Summer day at Adelsö Church
Signed H. af Klint. Panel 46 x 61 cm.
Purchased in the first half of the 20th century. Thence by descent.
Hilma af Klint was a pioneer in many ways. She grew up in a naval officer family in Stockholm and Adelsö in Lake Mälaren. She belonged to one of the very first generations of women to be educated at the Royal Academy of Fine Arts in Stockholm. After graduating, she shared a studio with some of her female colleagues in the so-called Ateljéhuset on Hamngatan 5, near Kungsträdgården. It was the cultural center of the time, with Blanch's Café and Art salon on the ground floor.

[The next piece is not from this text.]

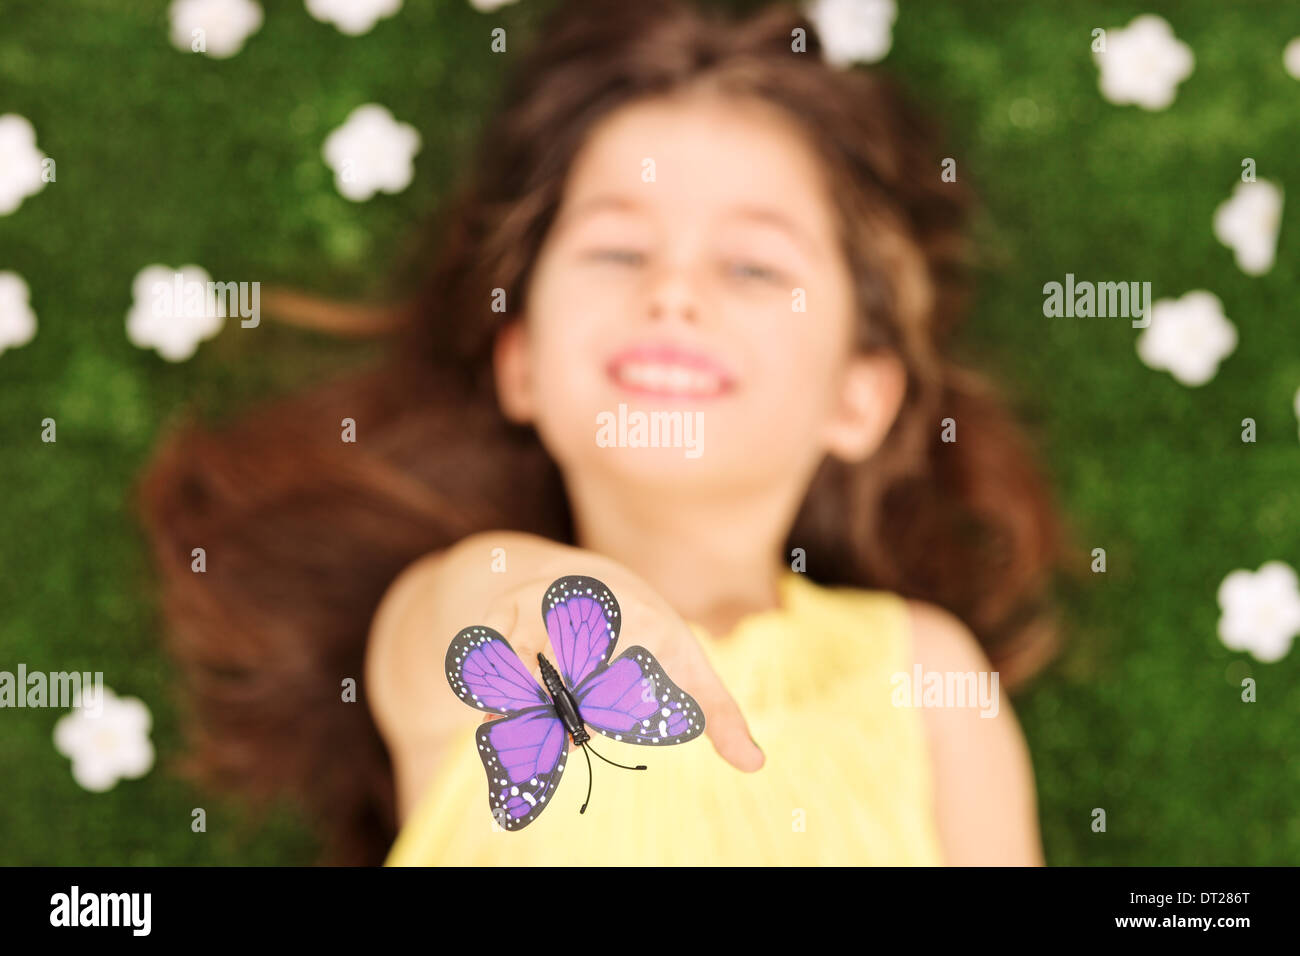 Blurred photo of little girl laying in meadow with flowers and reaching her hand to touch a purple butterfly Stock Photo

The painting in the auction is an early work, created during this period. The motif is taken from Adelsö and depicts the gate to Adelsö cemetery. Around the northern and western parts of the cemetery, there is an old wall made of cut gray stone. Inside the wall, maple and ash trees grow. The realistic execution of the painting gives no hint of the dramatic development towards abstract painting that would follow.
Until her 40s, Hilma af Klint painted mainly portraits, landscapes, botanical studies, and commissioned works. Without any progressive transition, she then shifted from traditional painting to creating in an absolutely free and unconventional way.
Hilma af Klint has taken the art world by storm. From being practically unknown, she is now considered on par with the greatest modern painters, and her abstract works are considered groundbreaking. Long after her death, she has redrawn the map for early abstract art, both in Sweden and internationally.